_Action item_. Pictures excluded, copy all of the data below exactly.
----- Raw data
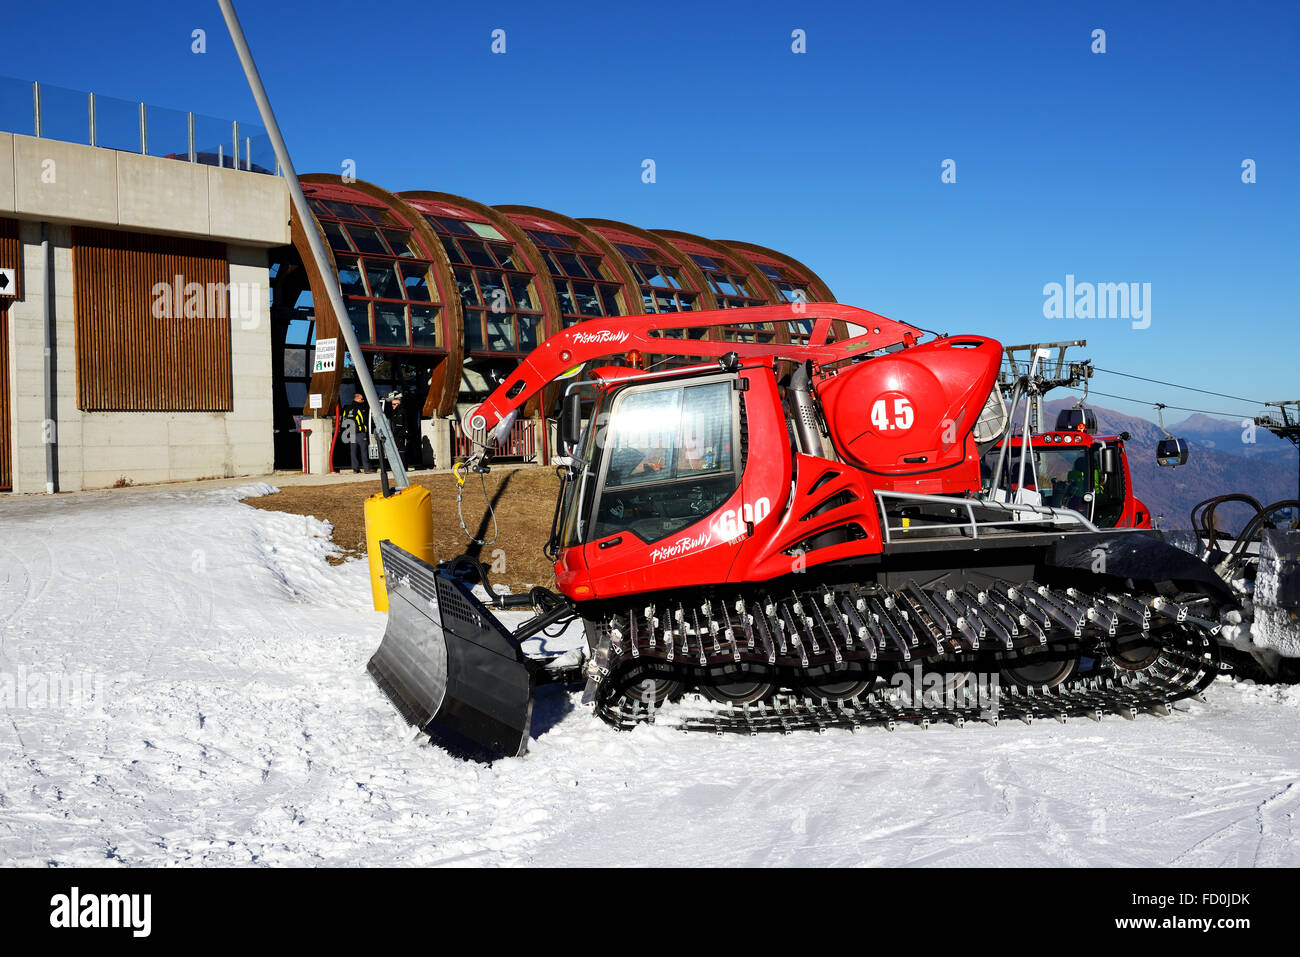 La Pisten Bully 600 afeitadora para preparación de pistas de esquí, Madonna di Campiglio, Italia Foto de stock
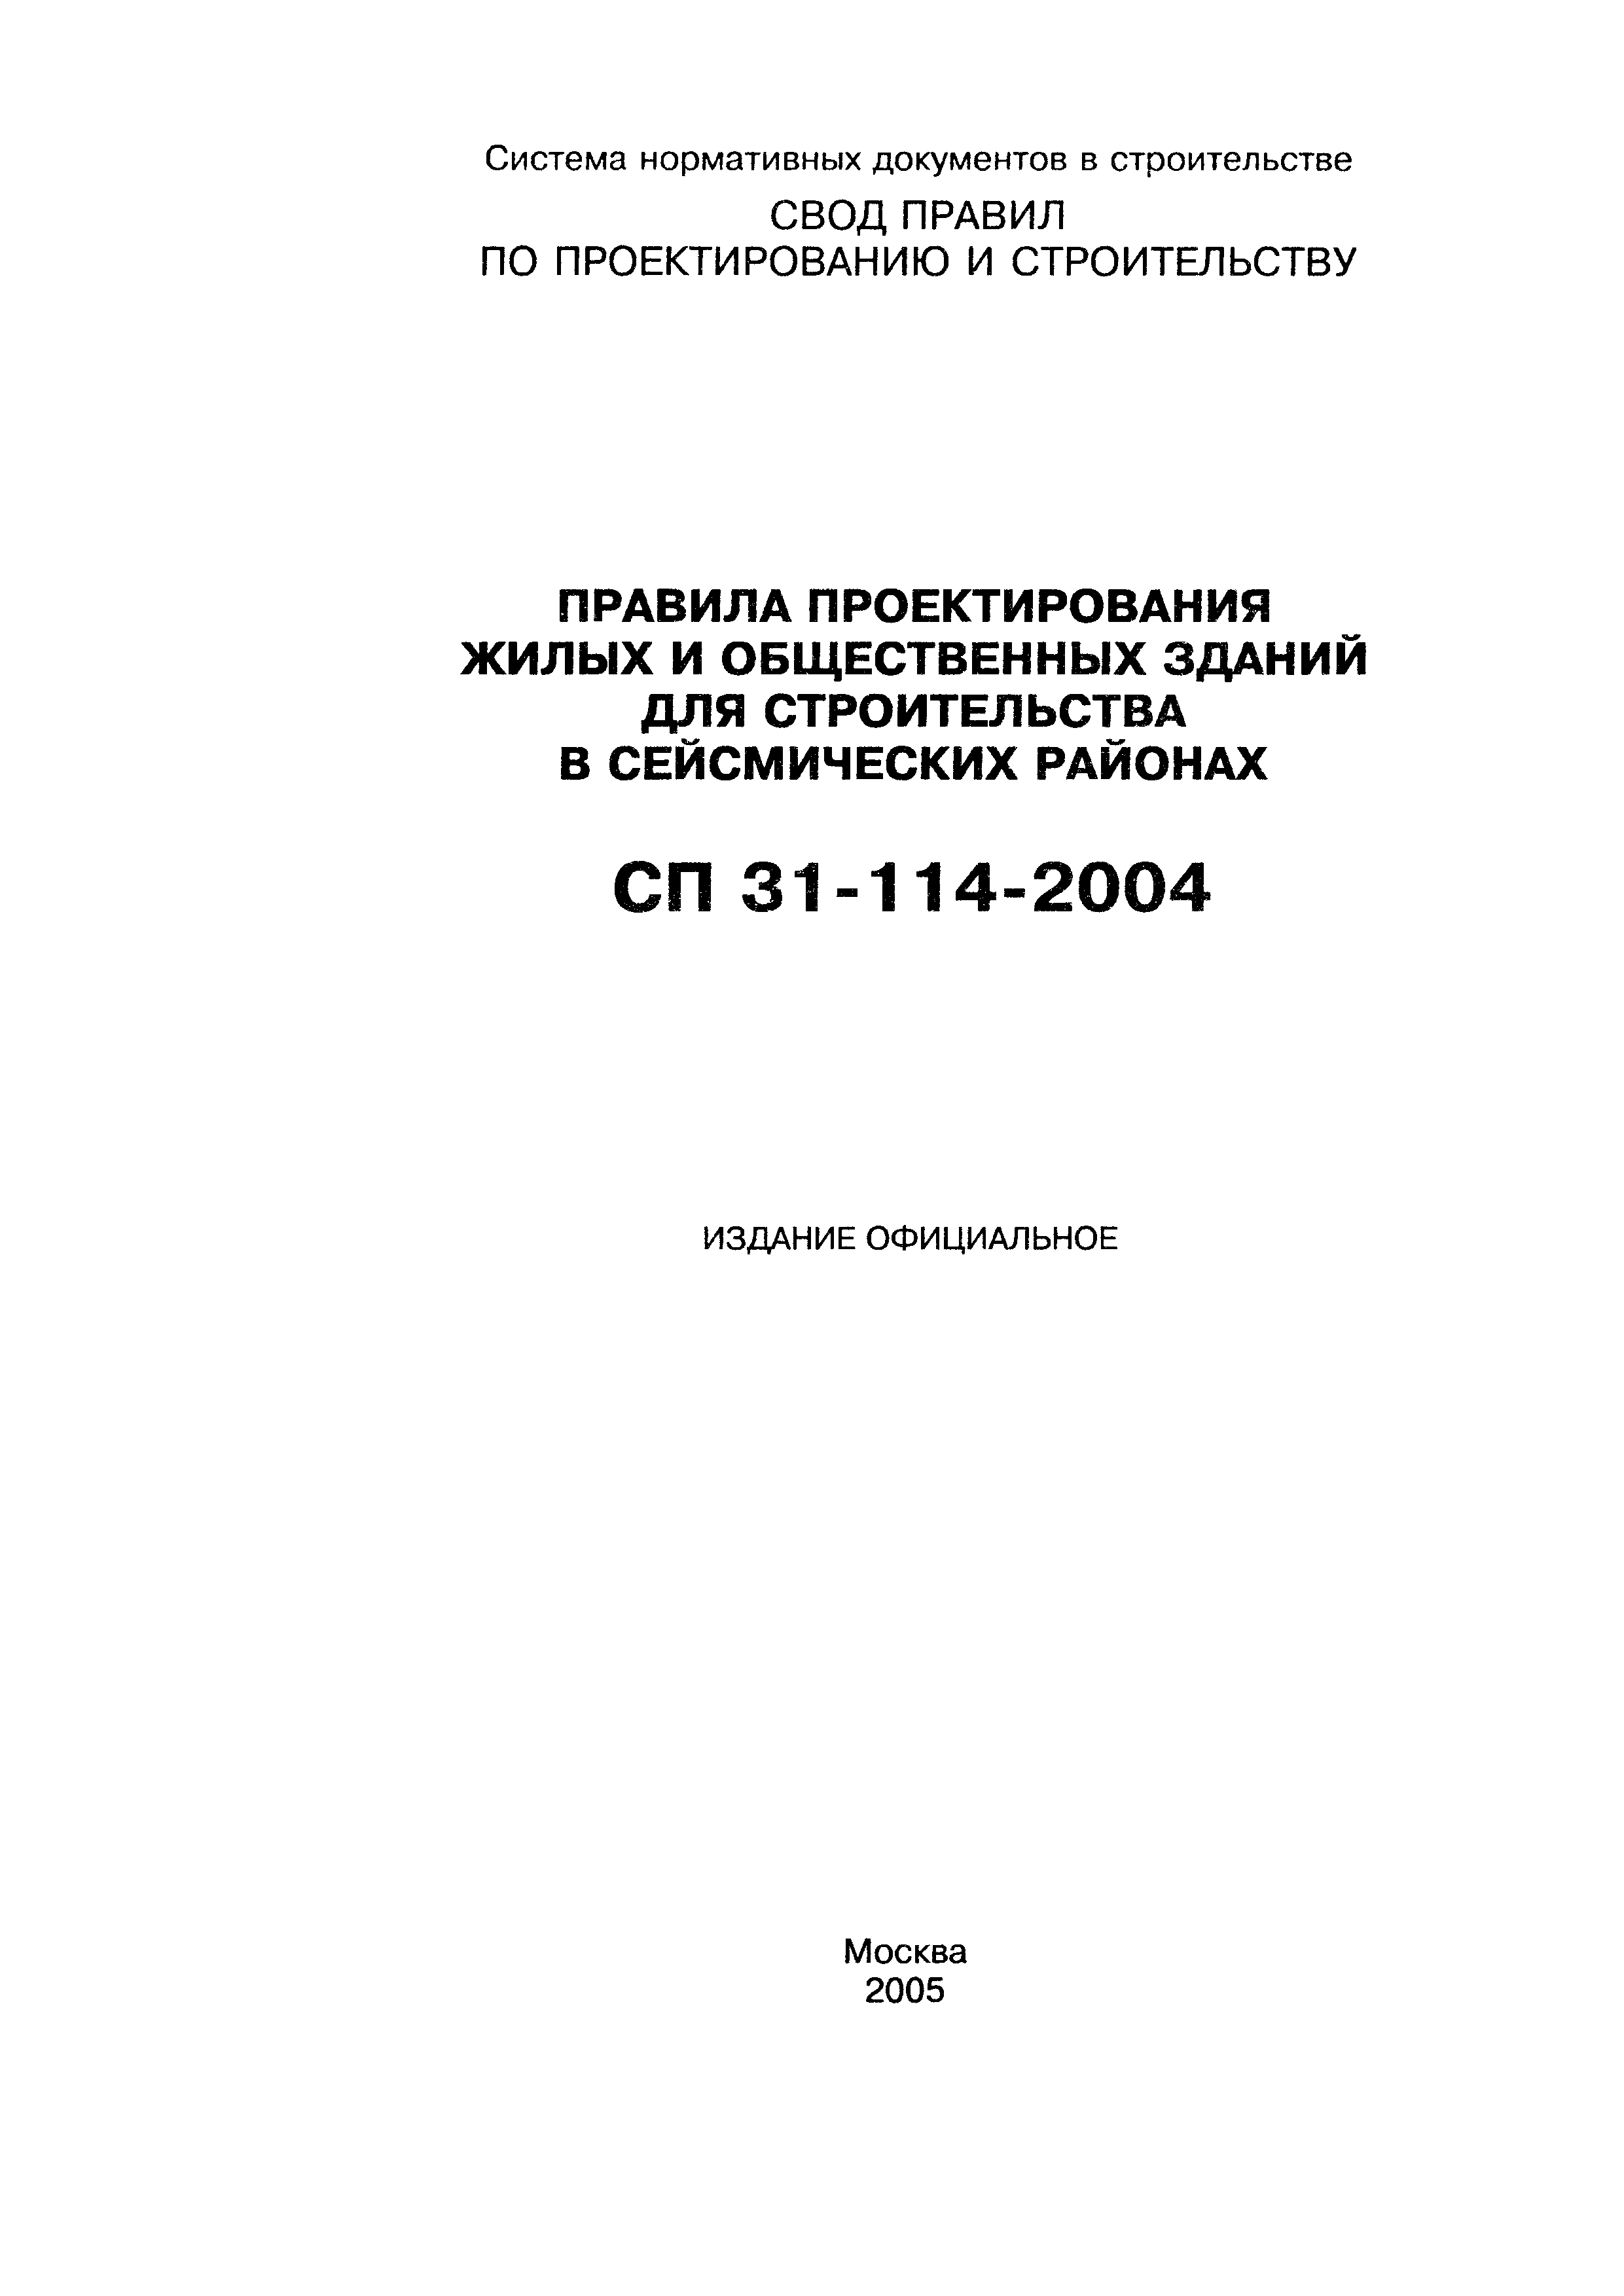 СП 31-114-2004
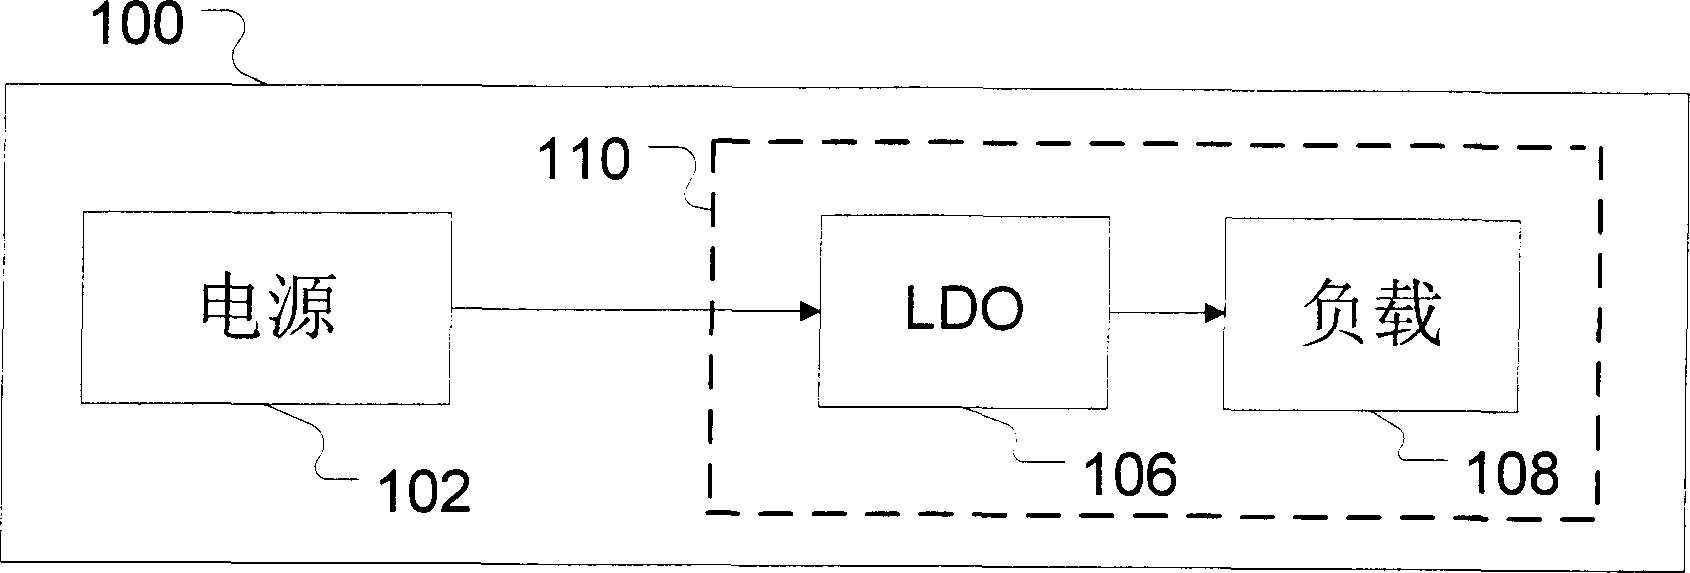 Low dropout voltage regulator
----------
_Result of this exercise_.
 La Pisten Bully 600 afeitadora para preparación de pistas de esquí, Madonna di Campiglio, Italia Foto de stock
 СП 31-114-2004
 Low dropout voltage regulator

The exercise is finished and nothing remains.